Abstract

Preterm births and respiratory distress syndrome (RDS) are associated with pulmonary vascular disease and altered myocardial function. We serially assessed up to 1year of age the effects of RDS on global and regional myocardial function of preterm infants, compared to preterm and term controls using conventional echocardiography parameters, tissue Doppler velocities and deformation analysis. A total of 120 infants (30 preterm [PT] with RDS, 30 PT controls without RDS, and 60 term controls) underwent conventional and tissue Doppler echocardiography within 72hours of birth, at corrected term age for the preterm infants, at 1month corrected, and at 1year corrected age. At birth, compared to preterm and term controls, the PT-RDS group had decreased right ventricular (RV) long-axis function, systolic velocity, peak systolic strain, shorter pulmonary arterial acceleration time (PAAT), and lower ratio of PAAT to RV ejection time (PAAT:RVET). Preterm infants had left ventricular (LV) diastolic dysfunction at birth (lower early diastolic myocardial velocity, mitral E velocity, and mitral E:A ratio), and reduced long-axis systolic velocities and shortening.

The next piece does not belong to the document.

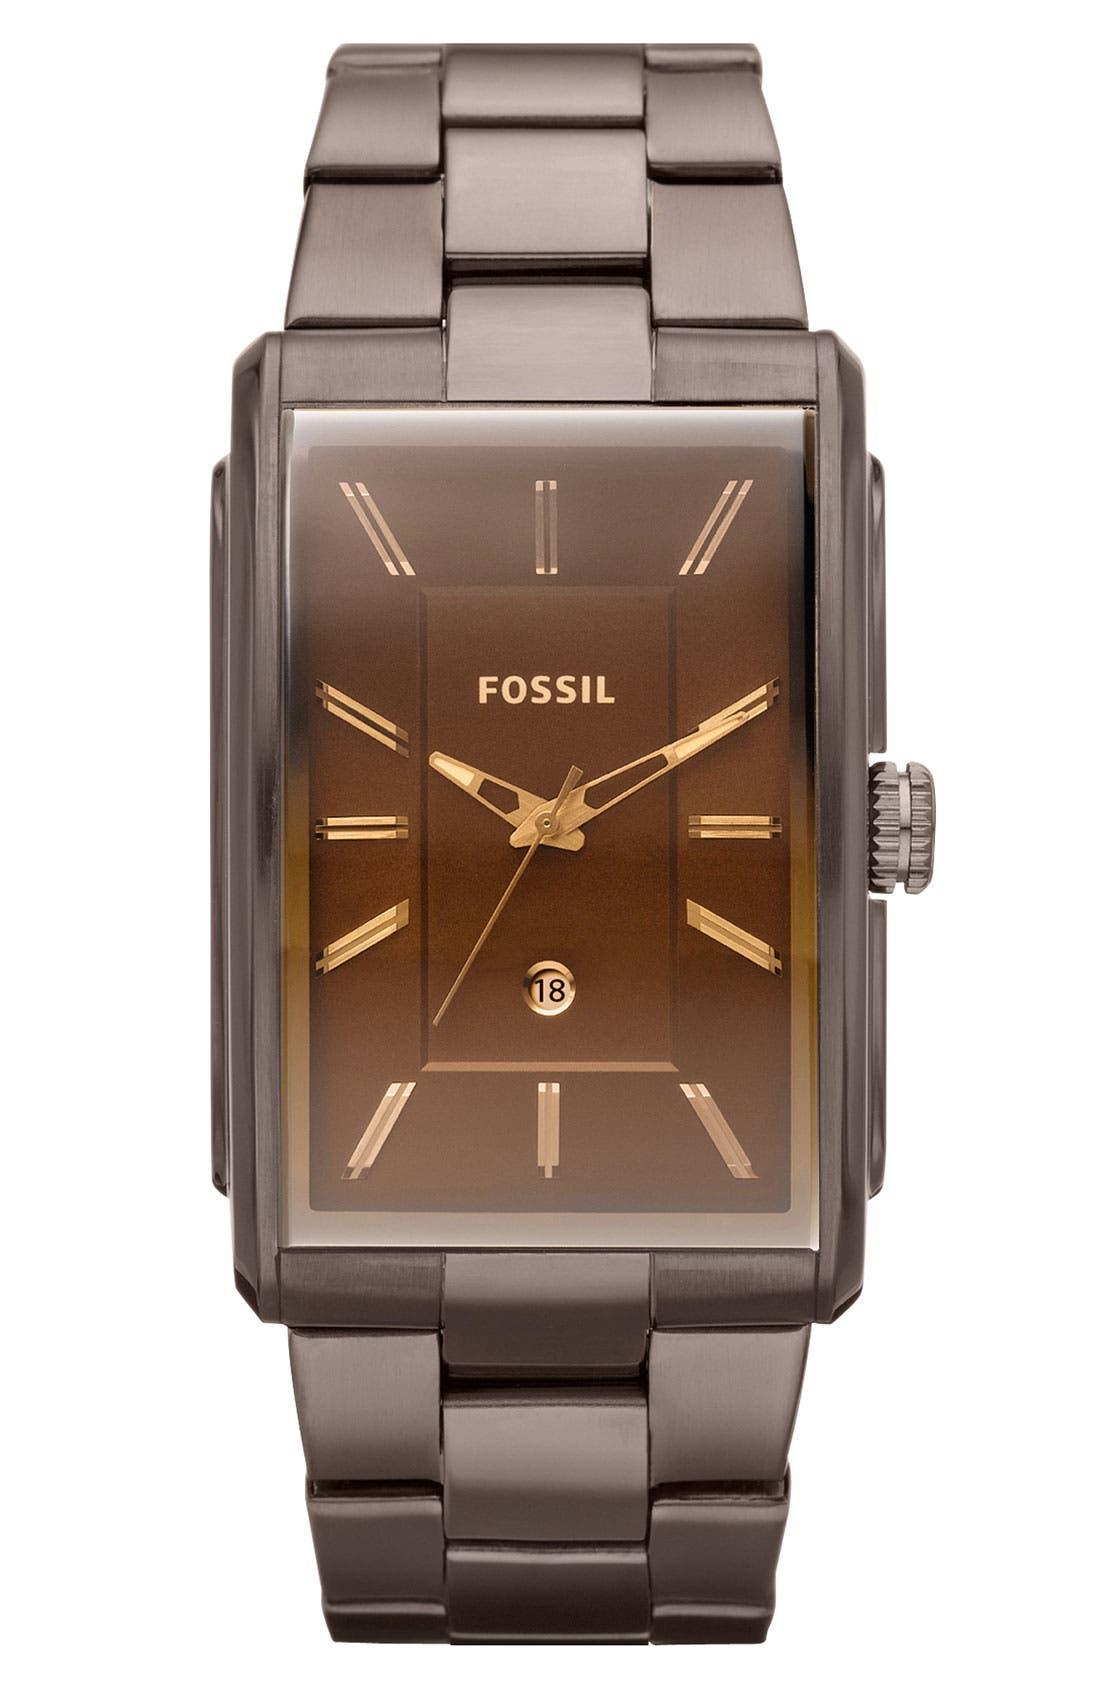 Main Image - Fossil 'Heritage' Rectangular Bracelet Watch, 33mm x 49mm

Differences between groups disappeared by 1month corrected age, except PAAT:RVET which remained lower in the PT-RDS group. At 1year, RV function was normal in PT-RDS apart from systolic strain rate, and LV function was normal apart from lower stroke volume and shortening, relative to body weight. PT-RDS had lower left and right ventricular systolic and diastolic function at birth which improved over time, suggesting postnatal maturation of cardiac function and resolution of lung disease.